Eka menyelesaikan pemeriksaan sebagai saksi sekitar pukul 20.03 WIB.
Rampungnya pemeriksaan Eka oleh tim penyidik KPK nyaris luput dari pantauan wartawan.
Tiba-tiba dia sudah berjalan agak jauh dari pintu Gedung Merah Putih KPK.
Seketika Tribunnews.com berusaha mengejar Eka yang sudah berada di halaman gedung dwi warna tersebut.
Dicecar sejumlah pertanyaan, Eka memilih bungkam.
Dia terus berjalan ke arah Hotel Royal Kuningan yang berada tepat di sisi kanan gedung Merah Putih.
Seperti diketahui, nama Eka pada hari ini tidak masuk dalam jadwal pemeriksaan yang biasanya dikirimkan KPK kepada awak media.

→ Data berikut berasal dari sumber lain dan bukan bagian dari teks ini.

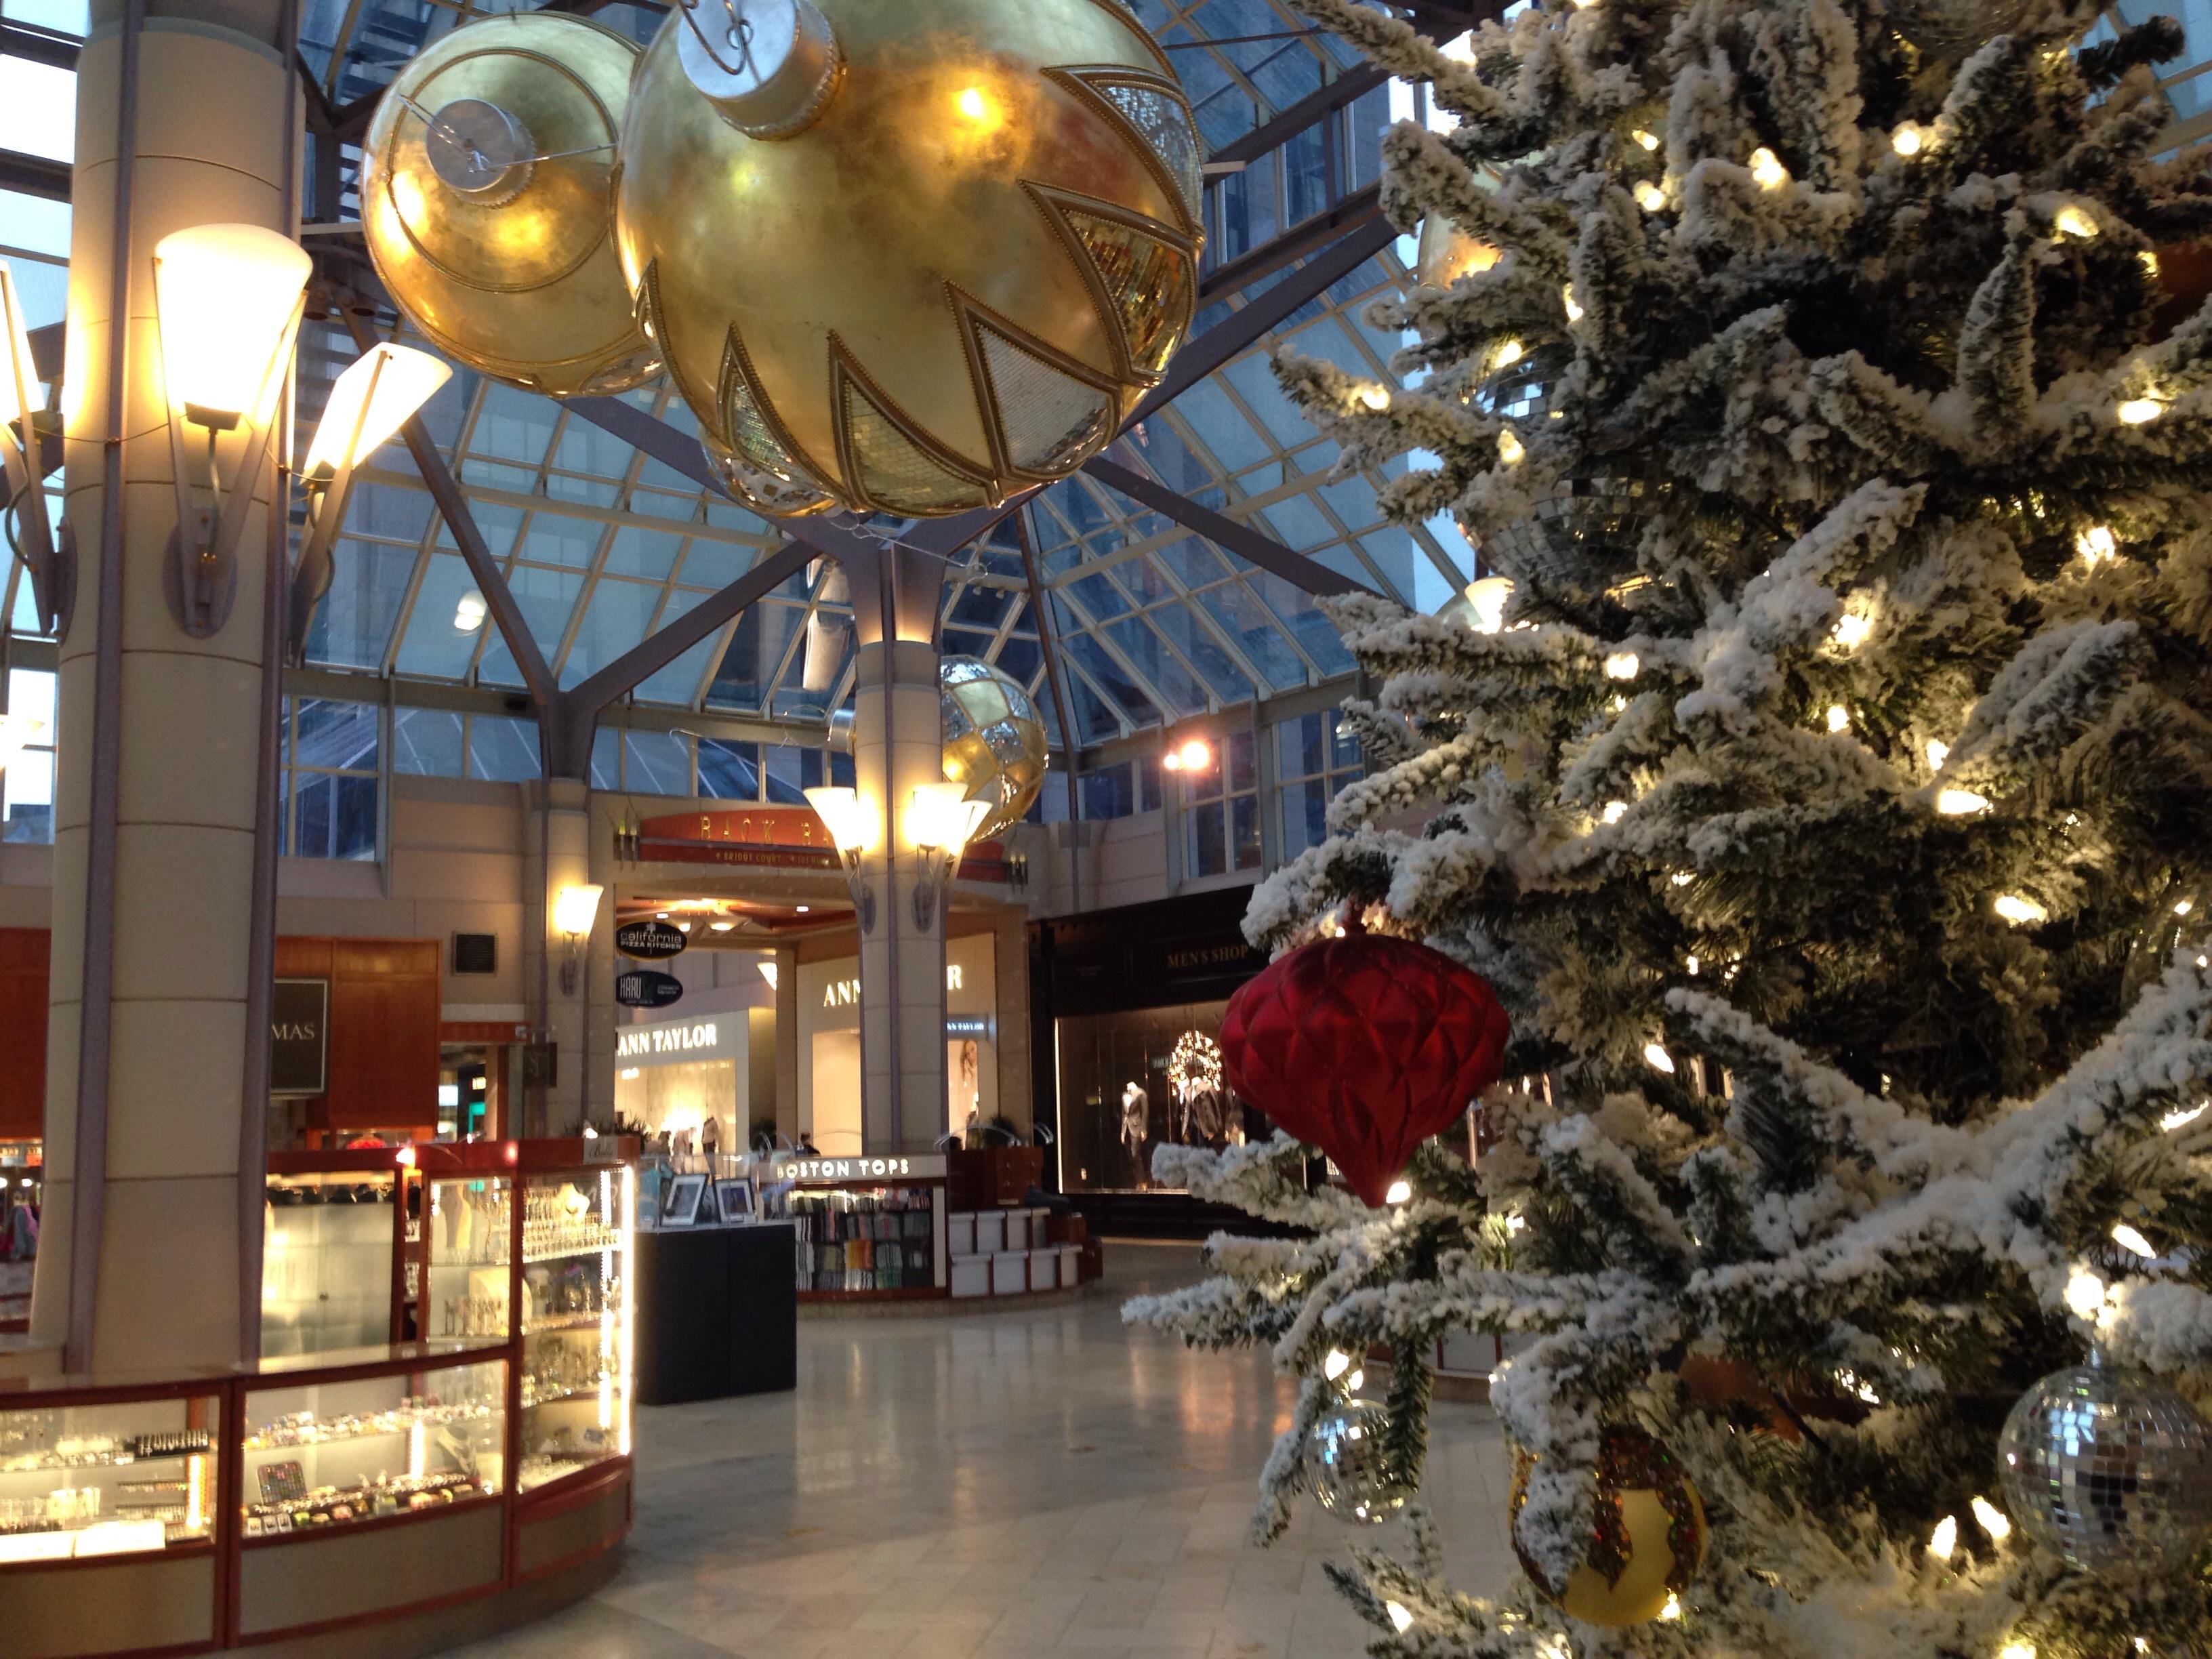 Christmas In Boston Massachusetts.Wallpaper Christmas Decorations Boston Massachusetts
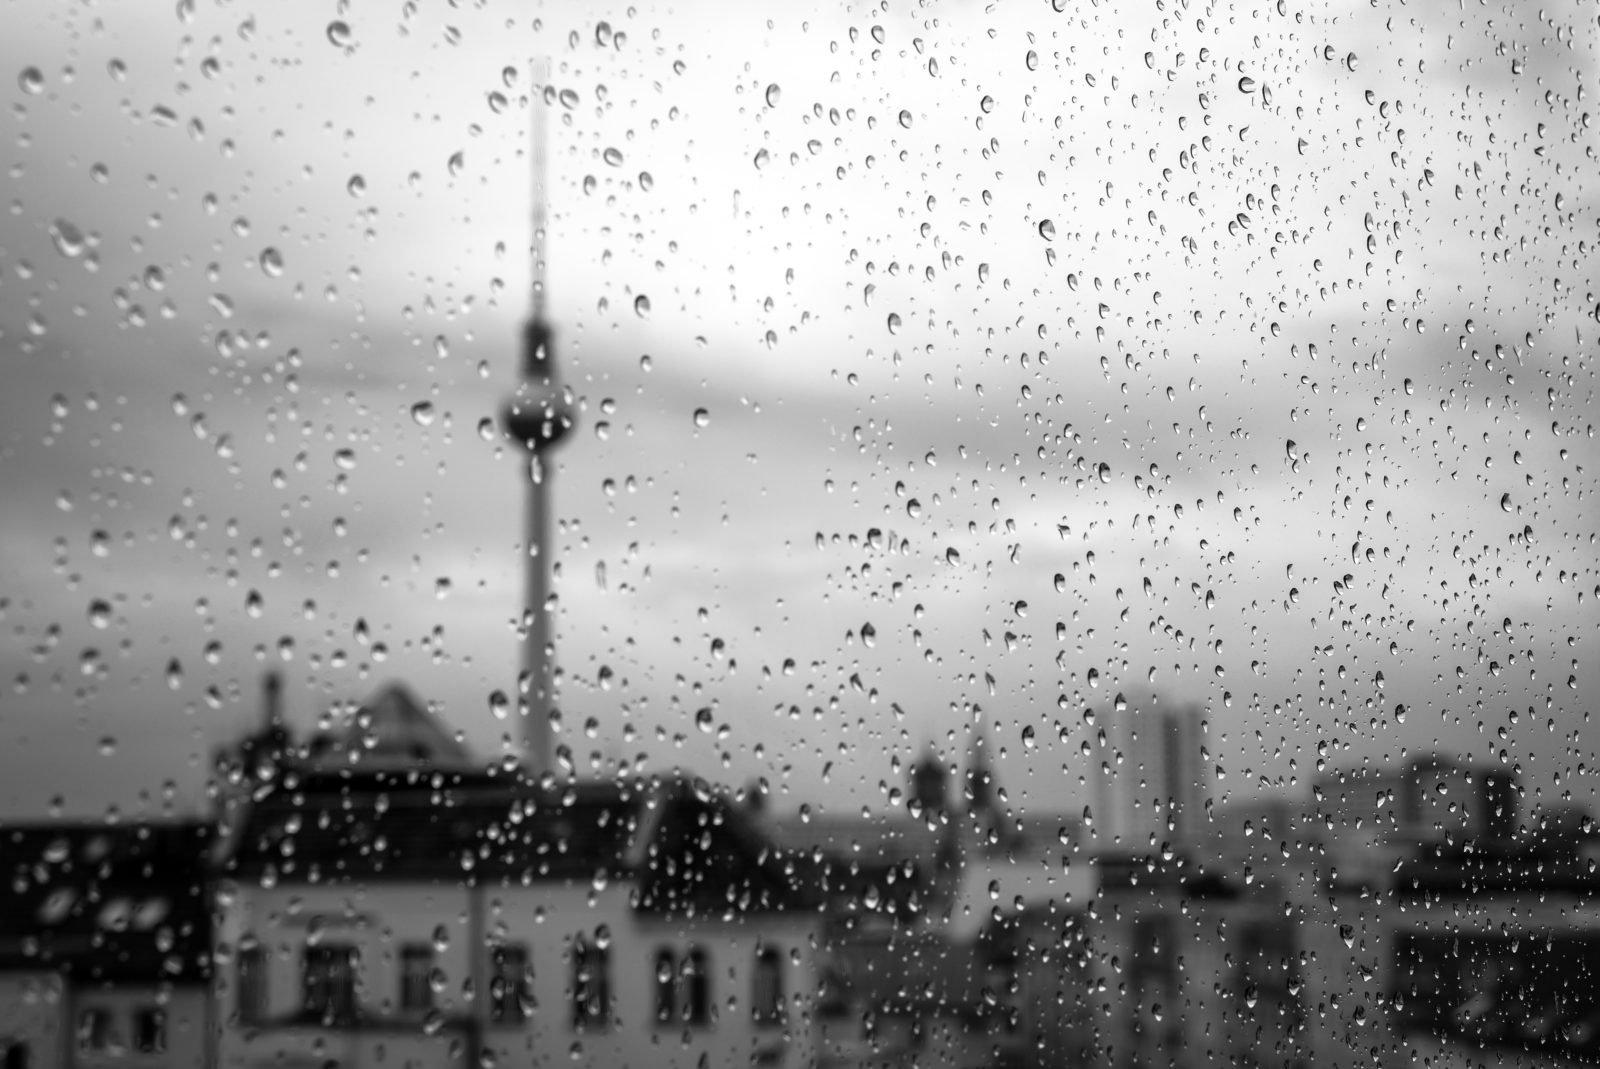 Regnerisches Wetter - Regentropfen laufen eine Fensterscheibe hinunter. Im Hintergrund ist der Berliner Fernsehturm zu sehen.

Tim penyidik hanya mengagendakan pemeriksaan terhadap Kabag Perencanaan Strategis Bank BPD Bali I Dewa Ayu Rai Widyastuti.
Akan tetapi, Widyastuti yang dipanggil hari ini tidak datang.
Baca juga: Kasus Suap DID Tabanan, KPK Periksa Pejabat Bank BPD Bali
"Saksi yang dipanggil hari ini tidak datang," kata Plt juru bicara KPK Ali Fikri, Kamis (11/11/2021).
KPK dikabarkan telah menetapkan tiga orang tersangka dalam kasus dugaan suap pengurusan DID Kabupaten Tabanan, Bali Tahun 2018.
Mereka yang dikabarkan jadi tersangka yaitu mantan Bupati Tabanan, Ni Putu Eka Wiryastuti; dosen (ASN) di Fakultas Ekonomi dan Bisnis Universitas Udayana/Staf Khusus Bidang Pembangunan dan Ekonomi Pemkab Tabanan/Staf Khusus Bupati Tabanan periode 2016-2021, I Dewa Nyoman Wiratmaja; dan Rifa Surya selaku selaku Kepala Seksi Perencanaan Dana Alokasi Khusus Fisik II, Subdirektorat Dana Alokasi Khusus Fisik II dan Kepala Seksi Perencanaan Dana Alokasi Khusus nonfisik pada Kementerian Keuangan.
Kepastian ketiganya menjadi tersangka terungkap dalam sebuah surat dari KPK.